» TASK DESCRIPTION:
Reproduce the listing exactly. Omit pictures.

» EXERCISE DATA:
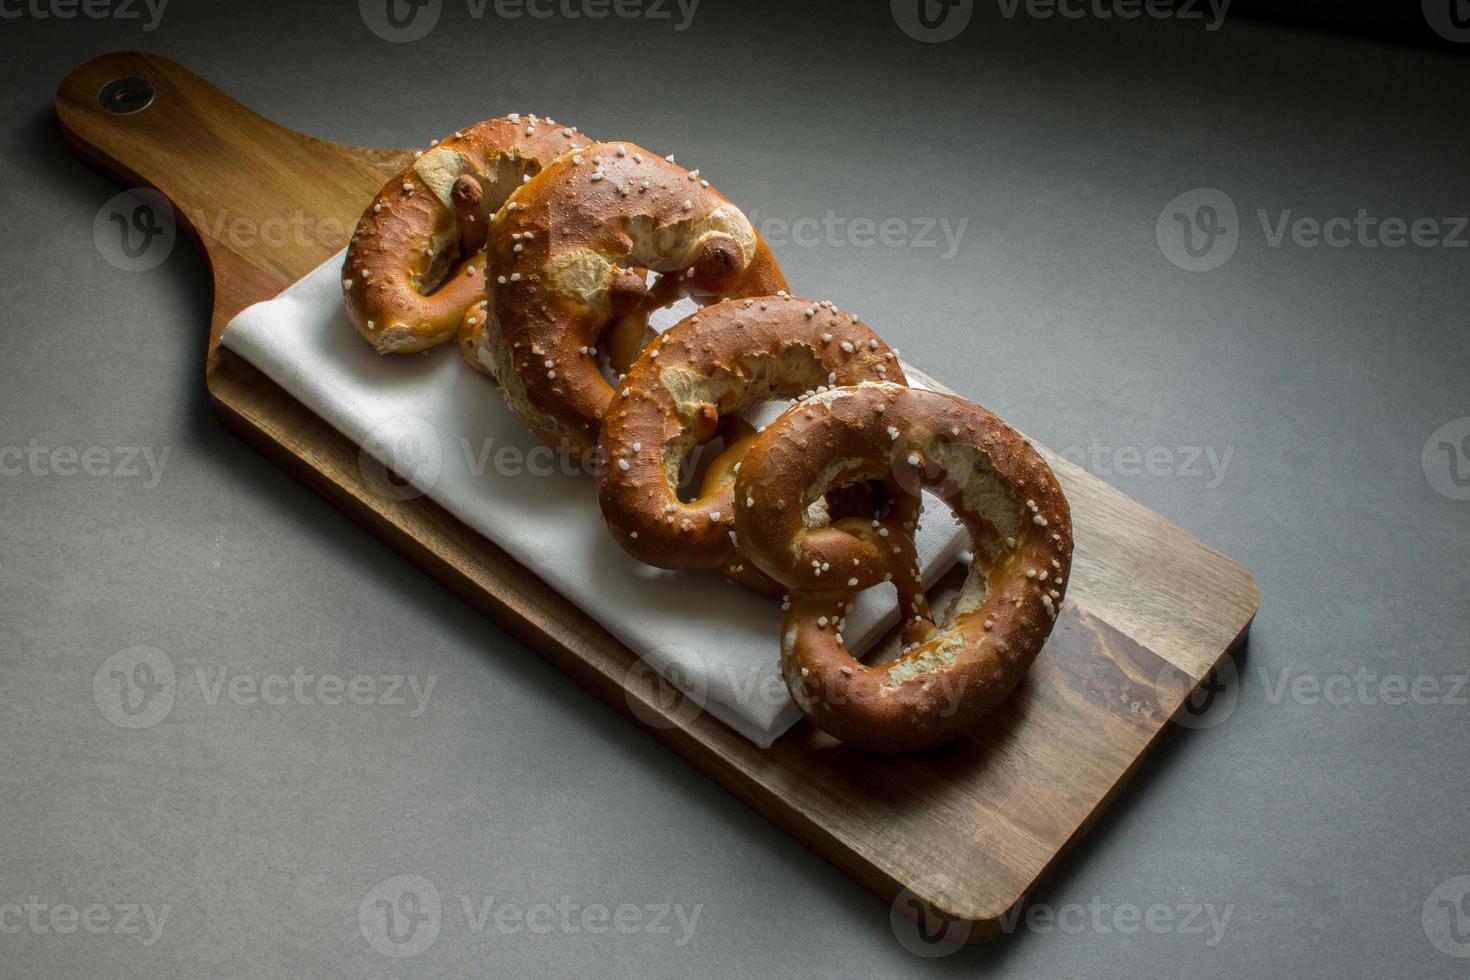 breze / brezn / pretzels em uma tábua de pão foto
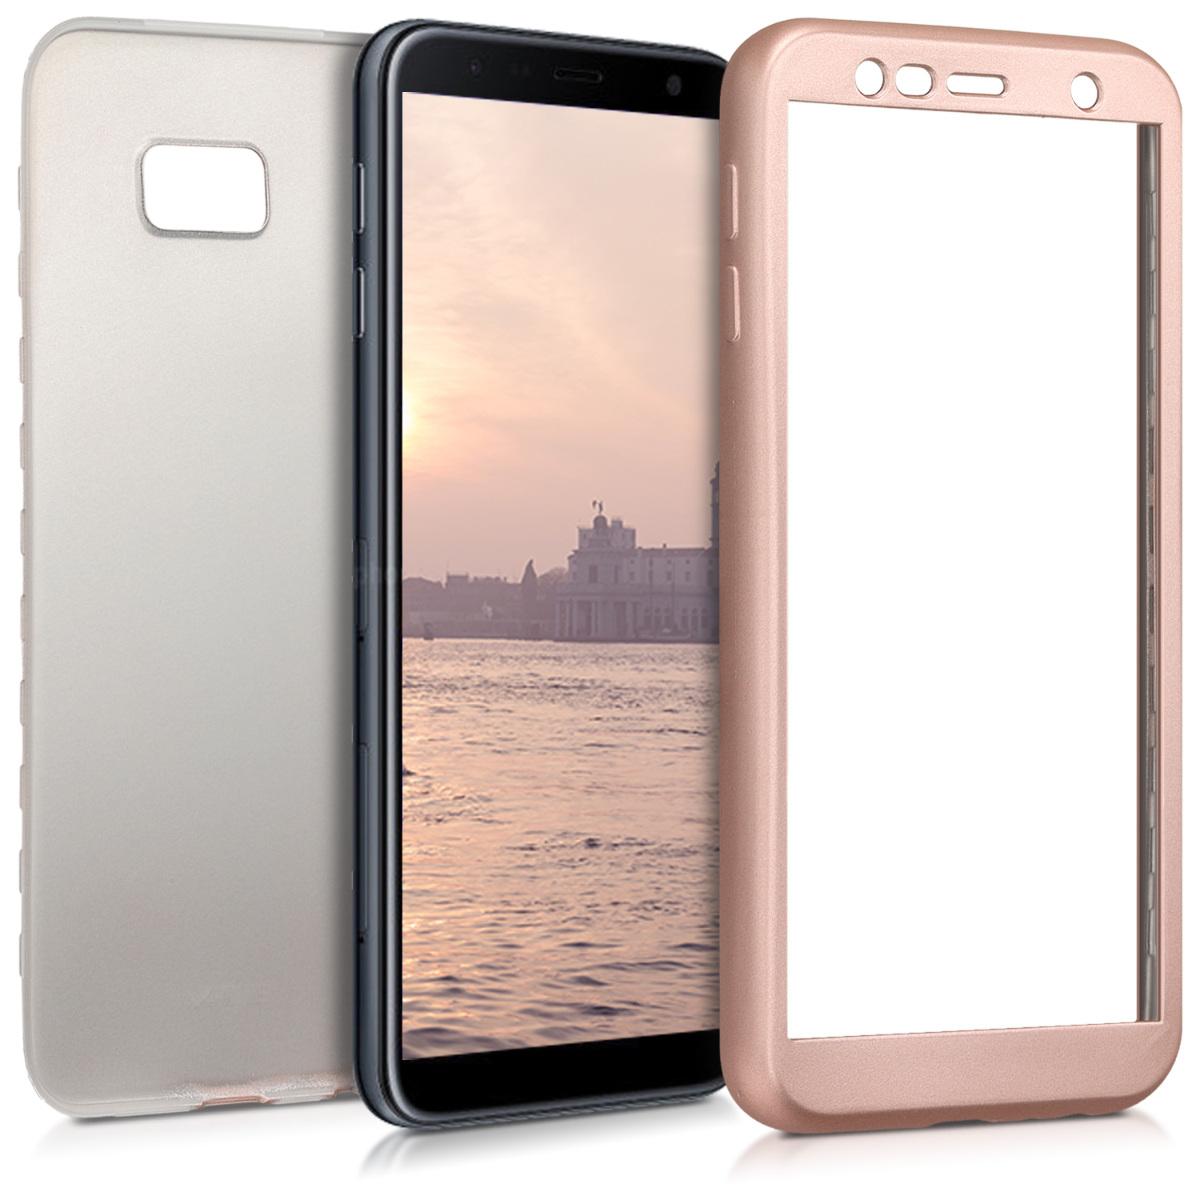 Kvalitní silikonové TPU pouzdro pro Samsung J4+ | J4 Plus DUOS - metalické starorůžové rosegold
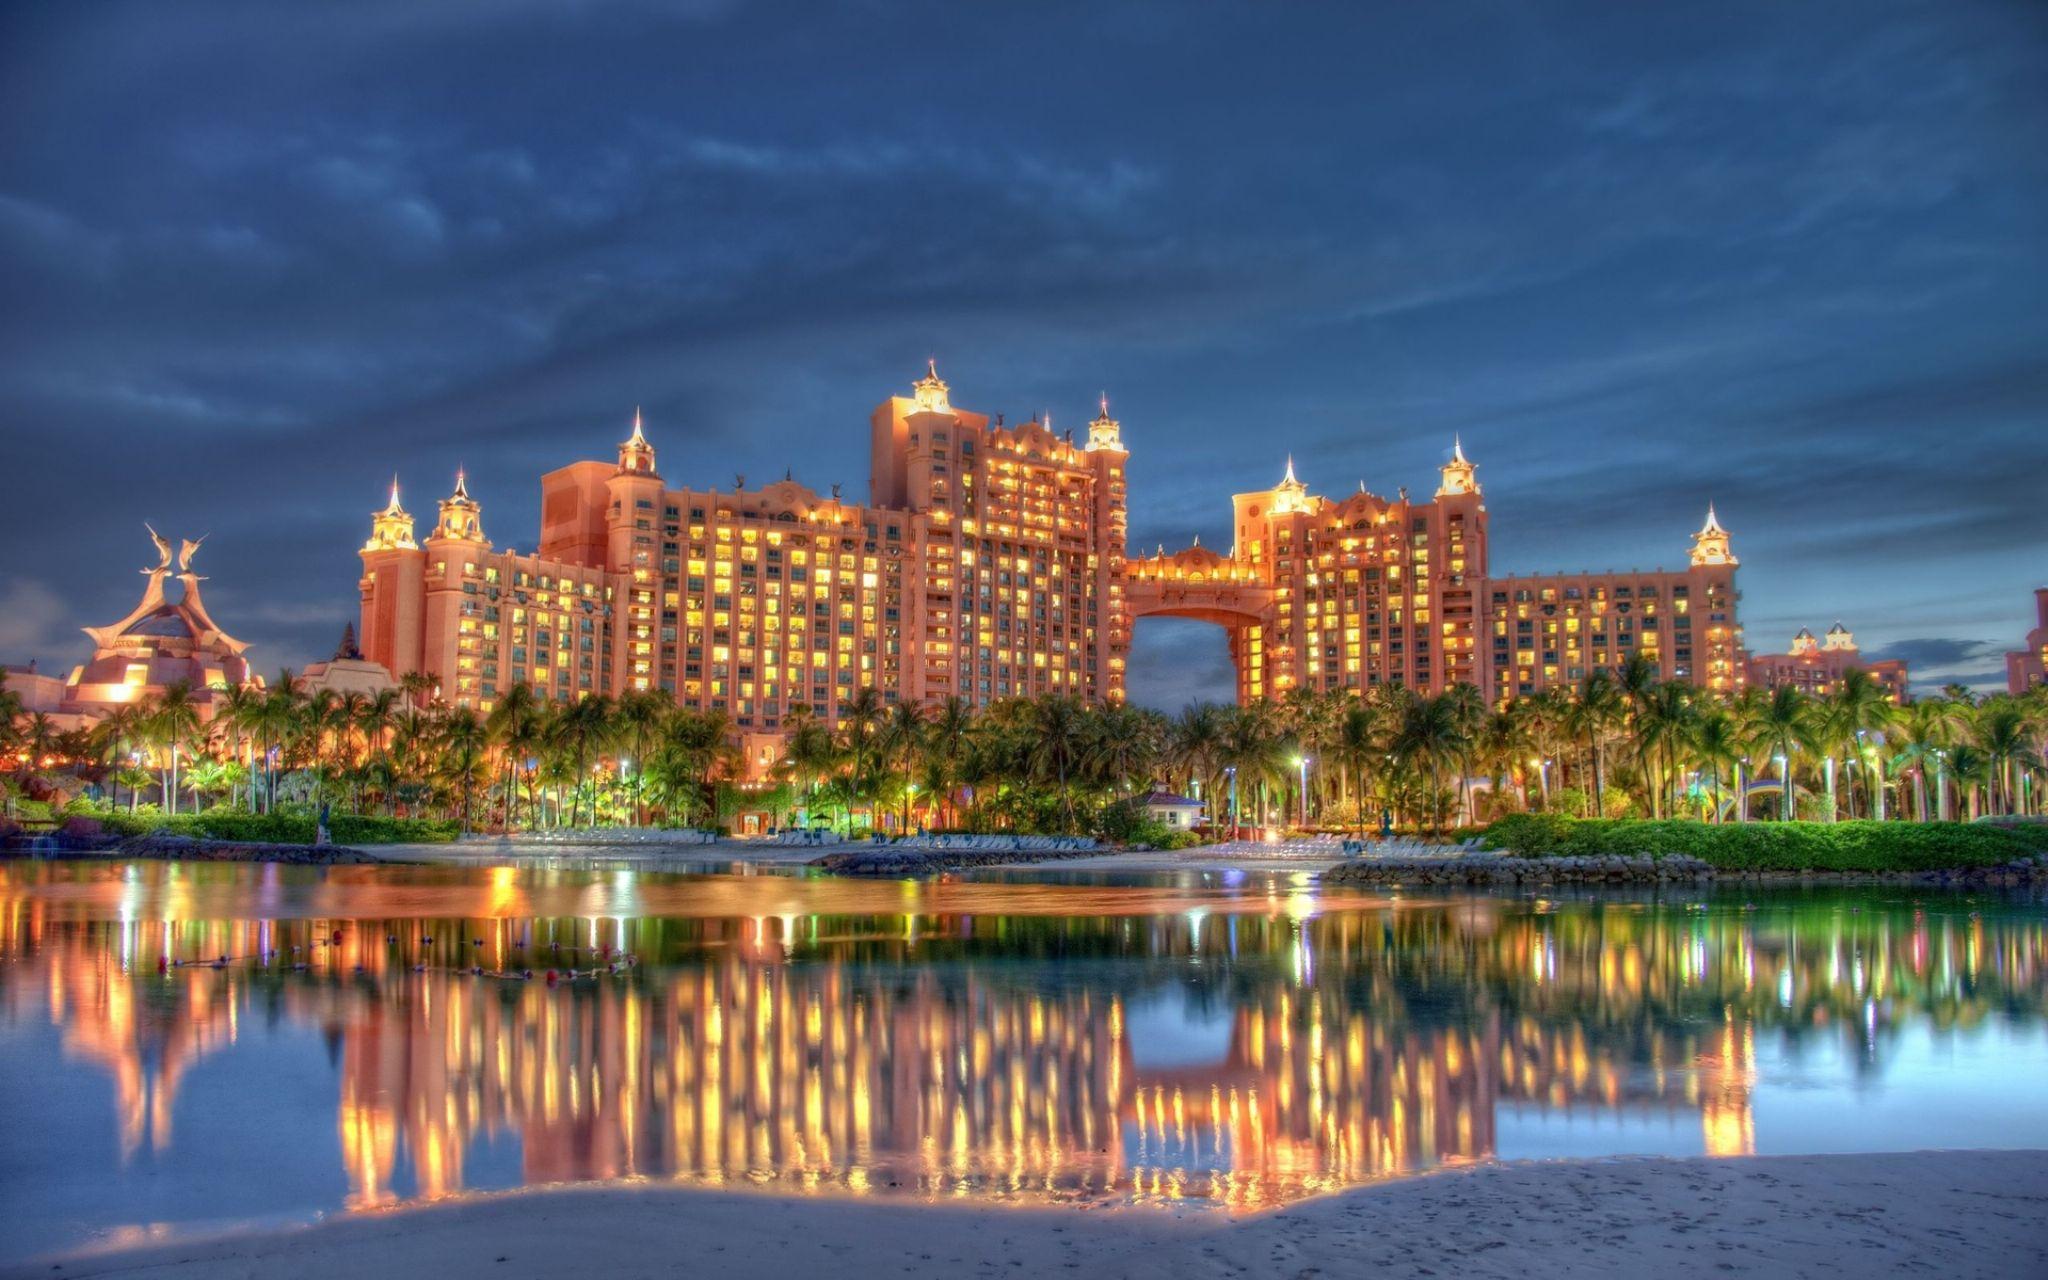 Atlantis Bahamas by Digital Kafe Photography

» RESPONSE AREA:
 breze / brezn / pretzels em uma tábua de pão foto
 Kvalitní silikonové TPU pouzdro pro Samsung J4+ | J4 Plus DUOS - metalické starorůžové rosegold
 Atlantis Bahamas by Digital Kafe Photography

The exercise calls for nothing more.